Offload

Offload is a method of moving model or parts of the model between the GPU memory (VRAM) and system memory (RAM) in order to reduce the memory footprint of the model and allow it to run on GPUs with lower VRAM.

Offload Mode

Tip

Offload mode is set by the Settings -> Models & Loading -> Model offload mode

Balanced

Balanced offload works differently than all other offloading methods as it performs offloading only when the VRAM usage exceeds the user-specified threshold.

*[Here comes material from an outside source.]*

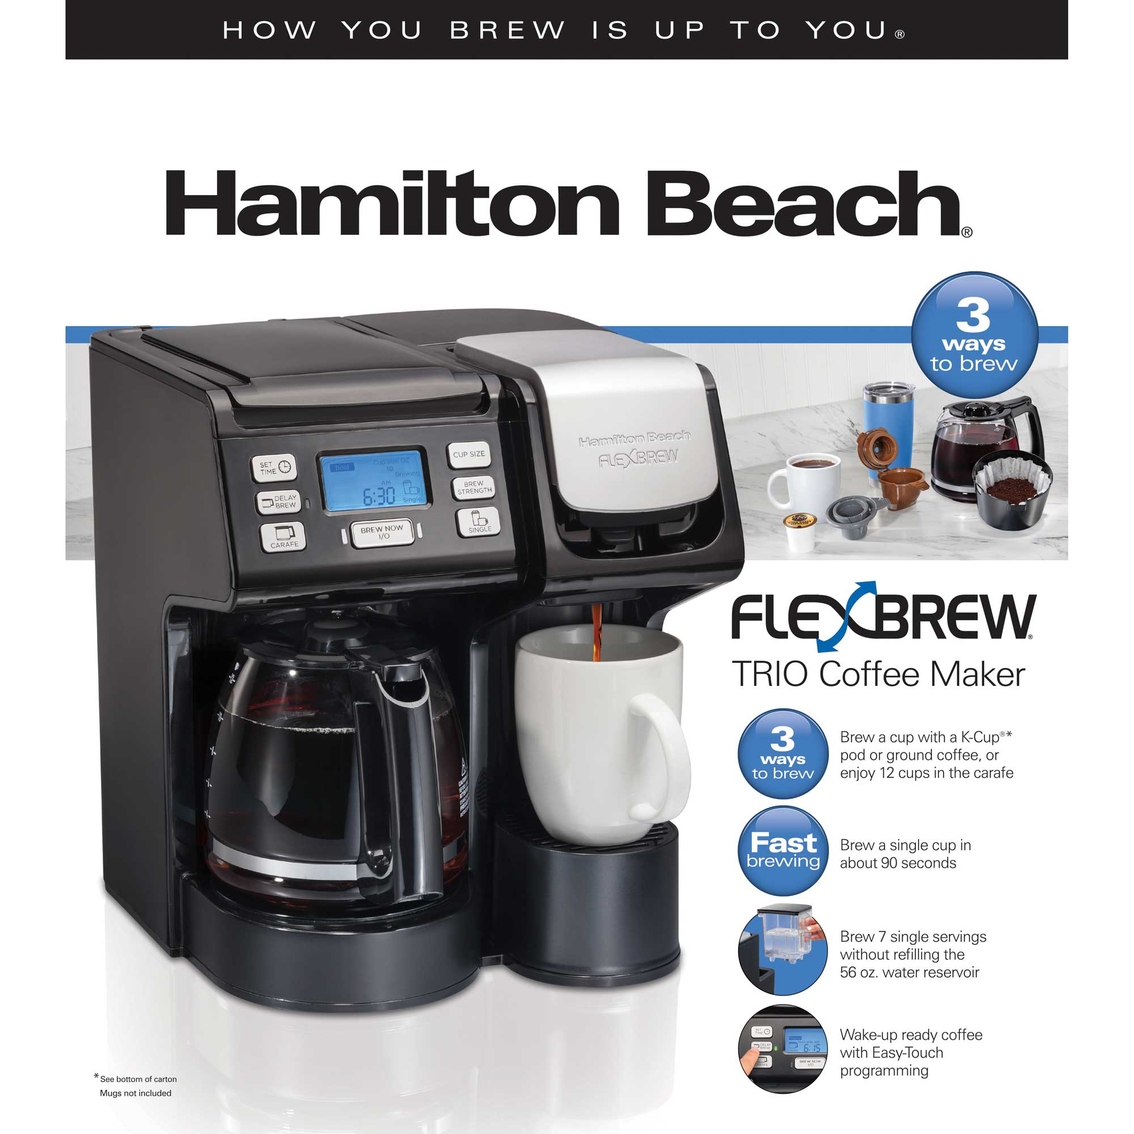 Hamilton Beach FlexBrew Trio Coffee Maker - Image 5 of 6
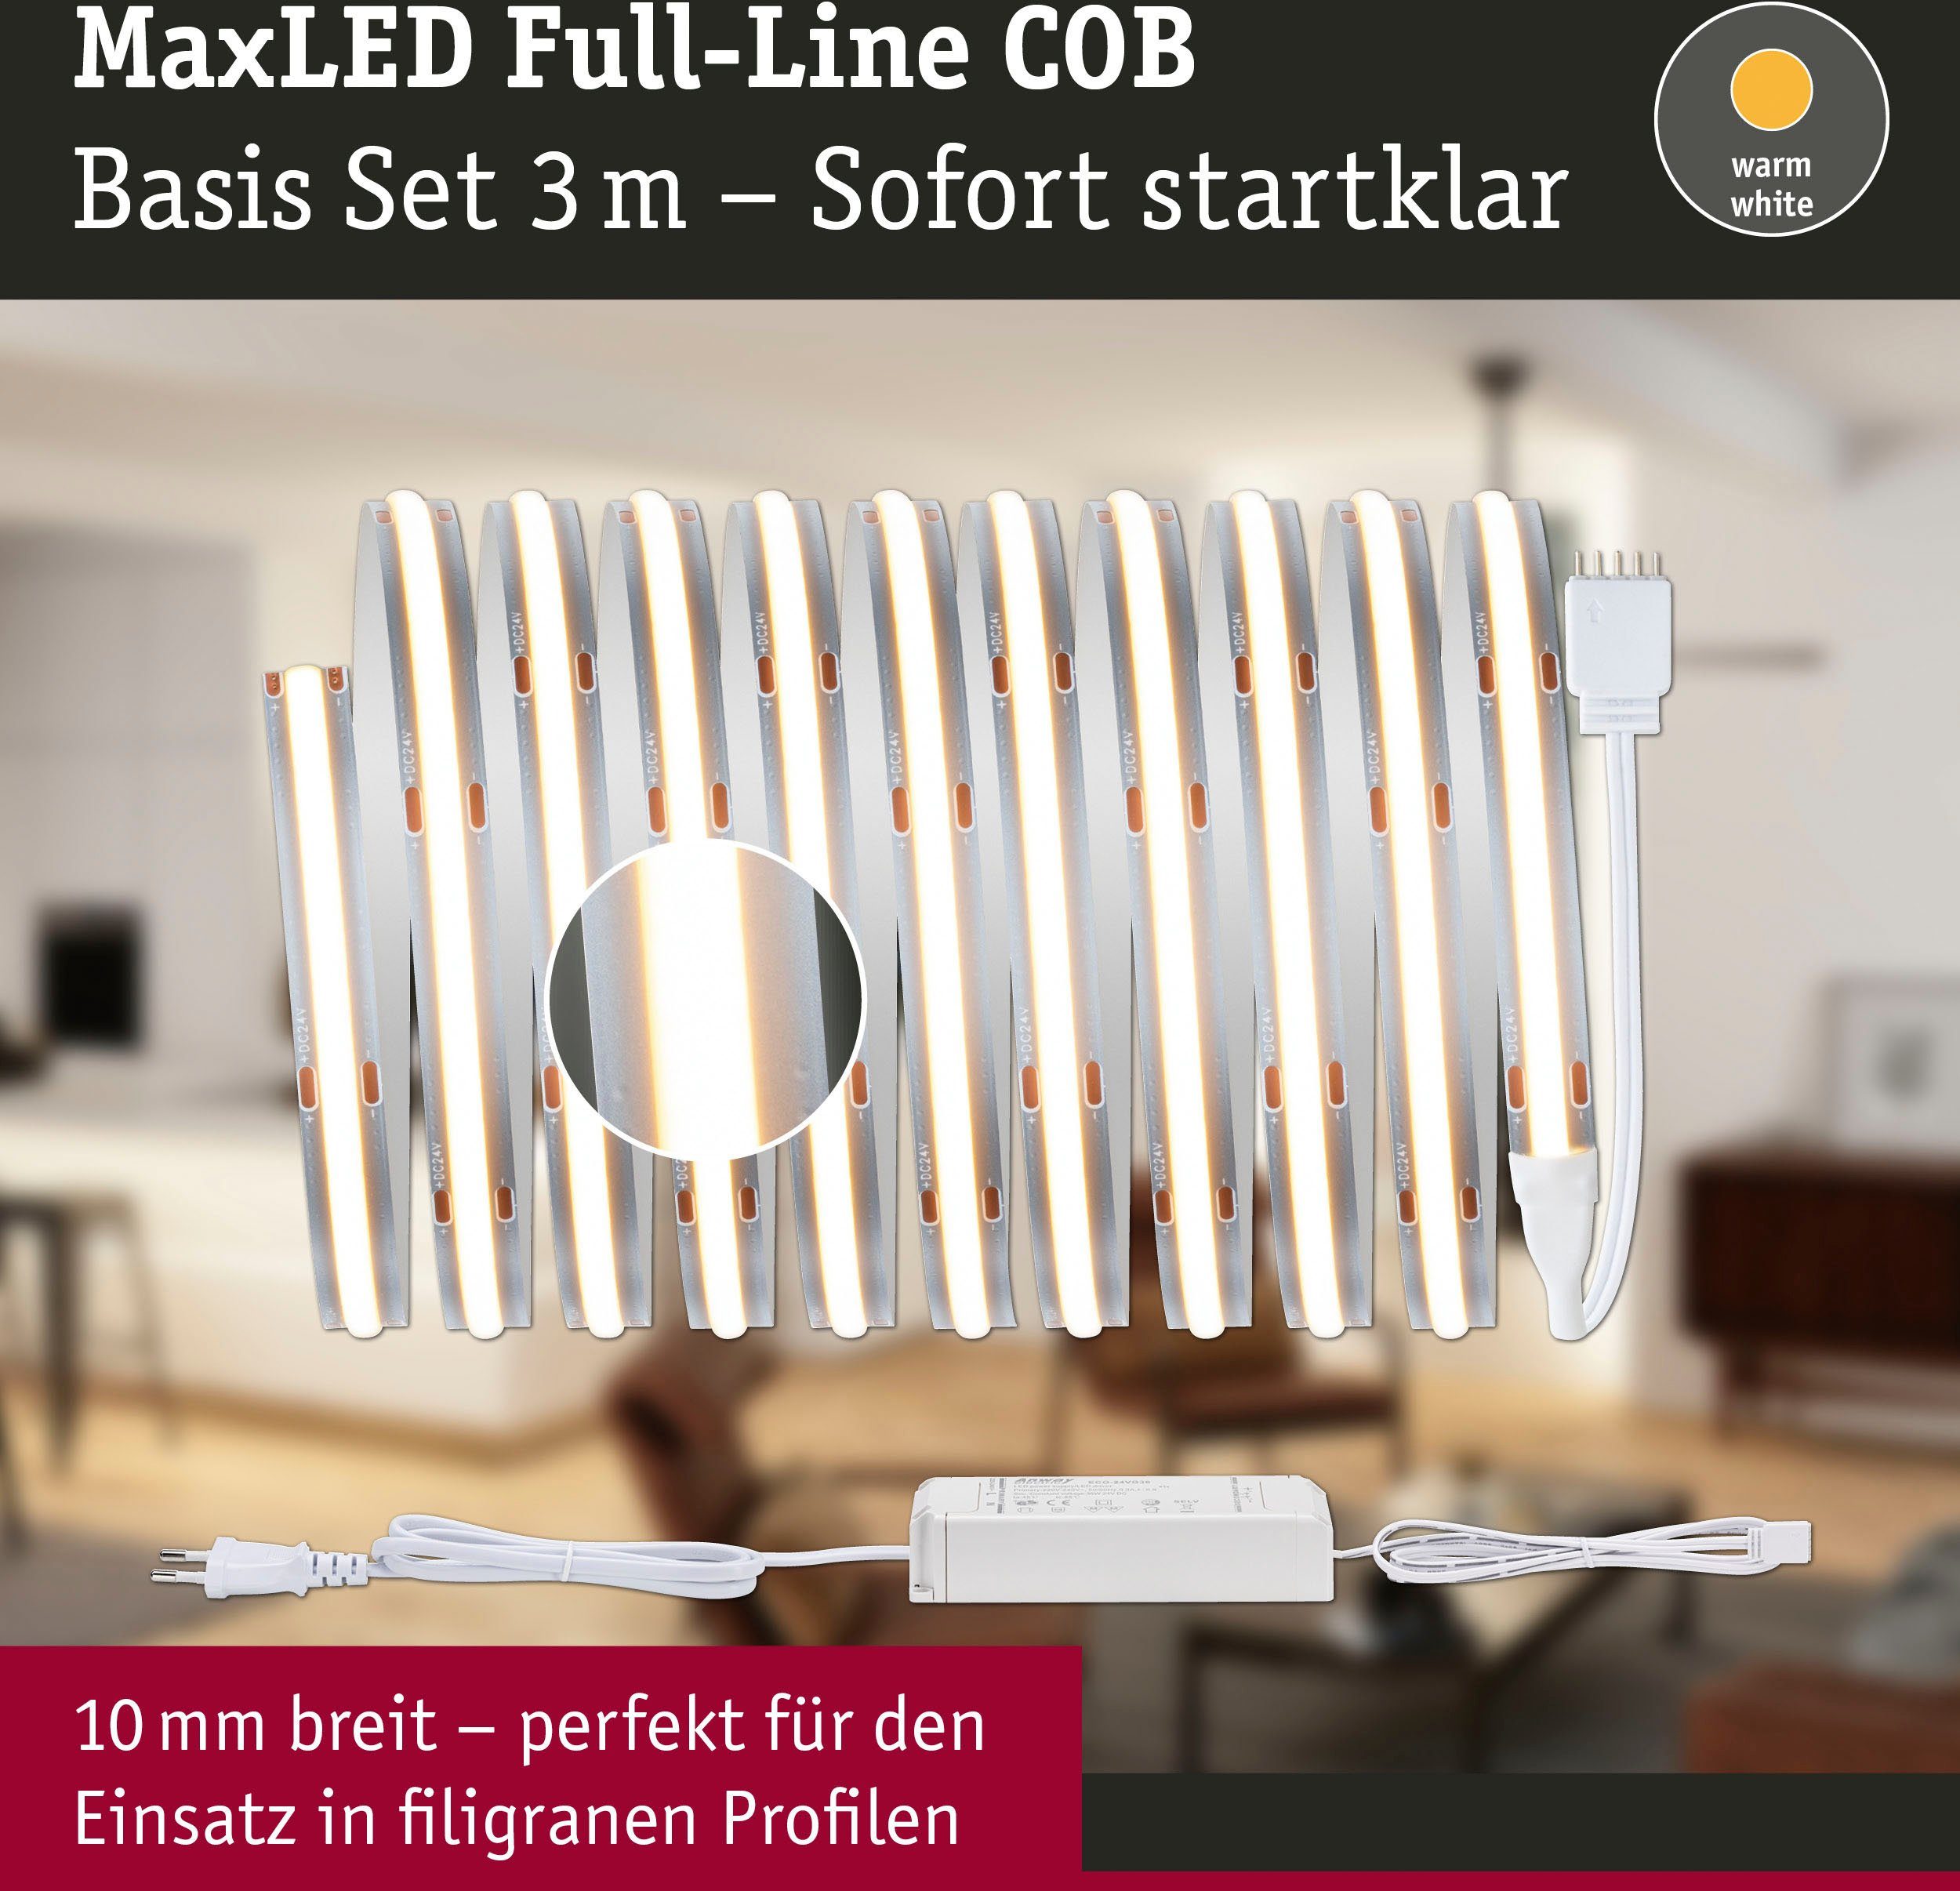 1-flammig, 1500lm Paulmann Basisset 2700K, 500 19W 3m Full-Line Warmweiß MaxLED LED-Streifen COB Basisset 480LED

Recommended for compatible high VRAM GPUs
Faster but requires compatible platform and sufficient VRAM
Balanced offload moves parts of the model depending on the user-specified threshold allowing to control how much VRAM is to be used
High threshold will set the maximum memory usage allowed for the model weights of a single model component
Low threshold will decide when to offload unused models back to RAM
If the VRAM usage is higher than the low threshold, it will offload, otherwise it will do nothing
Configure threshold in Settings -> Models & Loading -> Balanced offload GPU high / low watermark

Balanced offloading default behavior is based on detected GPU memory: - default: offload=balanced gpu-min=0.2 gpu-max=0.6 gc-threshold=0.7
- <= 4gb/lowvram: offload=sequential quantization=cpu vae-tiling=on gc-threshold=0.0
- <= 12gb/medvram: offload=balanced gpu-min=0.0 vae-tiling=on
- >= 24gb/highvram: offload=balanced gpu-max=0.8 never=clip-l,clip-g,vae

Warning

Not compatible with Optimum.Quanto qint quantization

Sequential

Works on layer-by-layer basis of each model component that is marked as offload-compatible

Recommended for low VRAM GPUs
Much slower but allows to run large models such as FLUX even on GPUs with 2-4GB VRAM

Warning

Not compatible with Quanto qint or BitsAndBytes nf4 quantization

Note

Use of --lowvram automatically triggers use of sequenential offload

Model

Works on model component level by offloading components that are marked as offload-compatible
For example, VAE, text-encoder, etc.

Recommended for medium when balanced offload is not compatible
Higher compatibility than either balanced and sequential, but lesser savings

Limitations: N/A

Performance Notes

Tested using SDXL with 2 large LoRA models
Sequential offload is default for GPUs with 4GB or less
Balanced offload is default for GPUs with more than 4GB
Balanced offload is slower than no offload, but allows using large models such as SD35 and FLUX.1 out-of-the-box
Balanced offload set to default values
LoRA overhead is measured in sec for first and subsequent iterations
LoRA mode=backup can use up to 2x system memory
Using backup can be prohibitive on large models such as SD35 or FLUX.1

Offload mode	LoRA type	LoRA mode	LoRA overhead	End-to-end it/s	Note
none	none	N/A	N/A	6.7	fastest inference
balanced	none	N/A	N/A	4.5	default without LoRA
sequential	none	N/A	N/A	0.6	lowvram
none	native	backup	1.8 / 0.0	6.0
balanced	native	backup	1.3 / 0.0	2.8
sequential	native	backup	5.8 / 0.0	0.5
none	native	fuse	1.3 / 1.3	4.8
balanced	native	fuse	2.8 / 2.5	3.1	default with LoRA
sequential	native	fuse	8.8 / 7.7	0.4
none	diffusers	default	2.9 / 2.9	3.8
balanced	diffusers	default	2.2 / 2.2	2.1
sequential	diffusers	default	4.6 / 4.6	0.3
none	diffusers	fuse	5.7 / 5.7	2.0
balanced	diffusers	fuse	N/A		did not complete
sequential	diffusers	fuse	N/A		did not complete